En paralelo, el efecto definitivo de inundar la cultura con falsificaciones desprovistas experiencia humana es la profundización estructural y rentable del aislamiento.
Al consumir rutinariamente un reemplazo sintético y libre de exigencia emocional, el individuo pierde la capacidad de empatizar, negociar o lidiar con la otredad.
Esta atrofia social deja a la población en un estado de vulnerabilidad absoluta frente a la saturación de imágenes manufacturadas para la manipulación emocional con fines políticos, comerciales y financieros.
Las facciones que se ven acorralados y envueltos por una manipulación profunda pero que todavía ven la necesidad de participar en espacios de discusión capitalizan esta desconexión profunda, reemplazando el debate riguroso por spam ideológico o de identidad.
En última instancia esta fuerza intenta vaciar la cultura de toda vitalidad y resistencia, reemplazando el tejido social orgánico por un mercado de ilusiones dóciles y terrores sintéticos que mantienen a la población aislada, asustada y perpetuamente dispuesta al consumo.
Fuerza C: Responsabilización Patológica
Para mantener a flote esta oferta altamente extractiva y lucrativa, el sistema necesita gestionar las graves consecuencias de la alienación que él mismo provoca en los consumidores.
Ante el rápido deterioro mental de la sociedad, el ecosistema orquesta un pánico moral y ejecuta el diagnóstico clínico impuesto sobre la población para individualizar y aislar los fallos sistémicos, una patologización del usuario.
Este diagnóstico señala a la población con una supuesta adicción a las pantallas, un diagnóstico que funciona como un mecanismo deliberado para encubrir las verdaderas rupturas estructurales y materiales que originan el colapso psicológico.

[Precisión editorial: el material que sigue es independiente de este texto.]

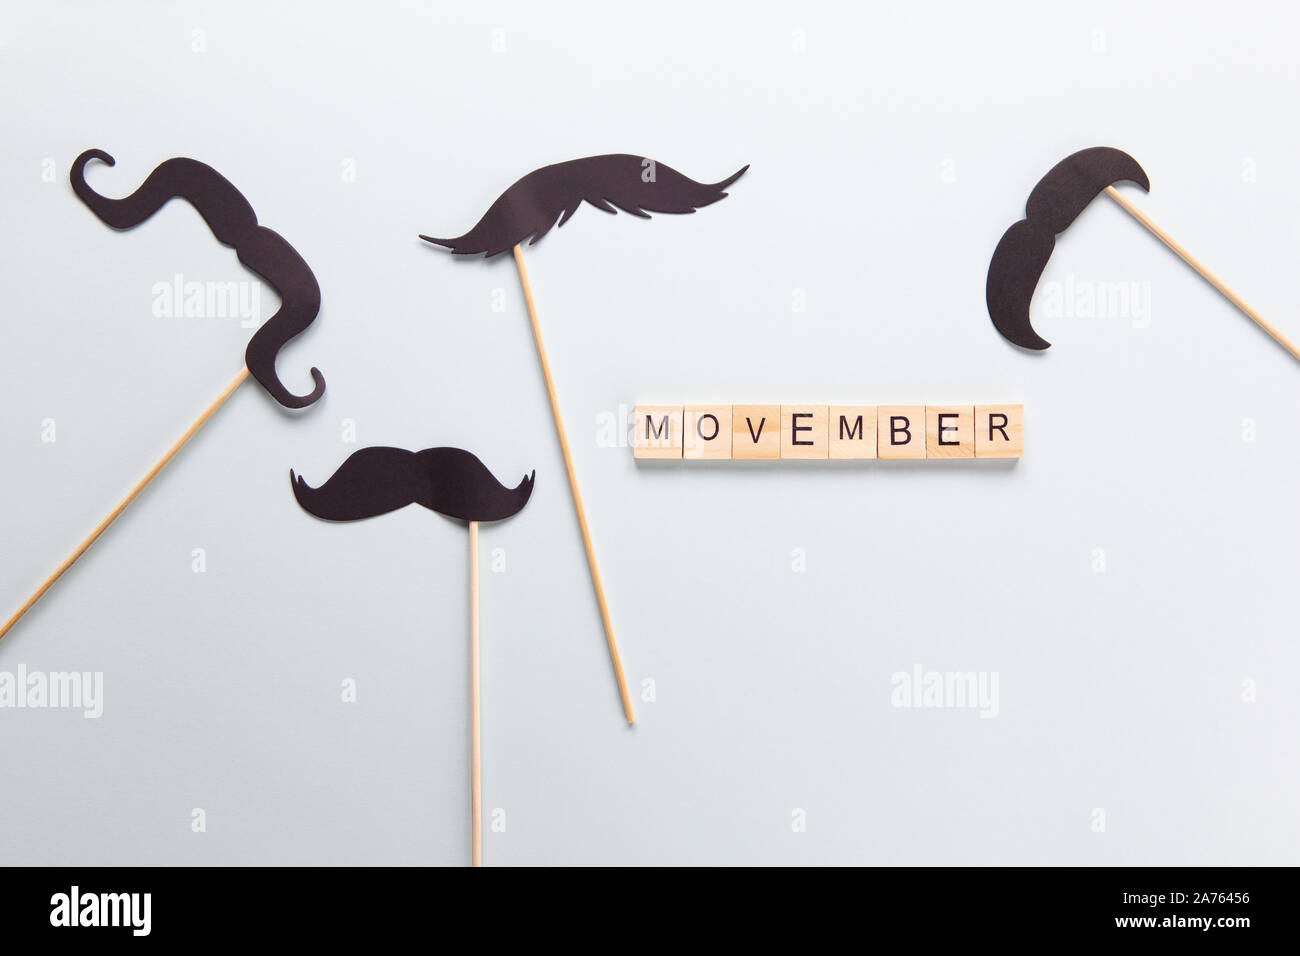 Moscou, Russie - 07 octobre 2019 : Inscription, Movember accessoires dans forme de moustaches noires sur des bâtons sur fond gris. Concept de la santé des hommes, p Banque D'Images

Estas crisis reales son generadas por la precarización extrema de la hypertercerización, y el trabajo sin red de seguridad, trabajo en su mayoría mediado por aplicaciones (la Gig Economy) y la destrucción sostenida de los recursos y espacios comunitarios físicos.
Al responsabilizar de forma exclusiva al individuo por el consumo pasivo y compulsivo de contenido diseñado algorítmicamente para retener la atención bajo niveles extremos de ansiedad (el Doomscrolling), se le cobra un impuesto psicológico en forma de culpa y vergüenza clínica transferido directamente al usuario (un Time Tax) [2]. El sistema culpa al usuario aislado de su propio deterioro, desviando con éxito todo el escrutinio público y legal de la ingeniería corporativa voraz que manufacturó deliberadamente su dependencia.
El impacto de esta patologización es la paralización absoluta de la crítica sistémica y la acción colectiva.
Al convencer al individuo de que su agotamiento crónico y su dependencia digital son producto de un fracaso moral o un desequilibrio clínico personal, el sistema desactiva exitosamente cualquier intento de organización ciudadana, sindical o exigencia de intervención gubernamental.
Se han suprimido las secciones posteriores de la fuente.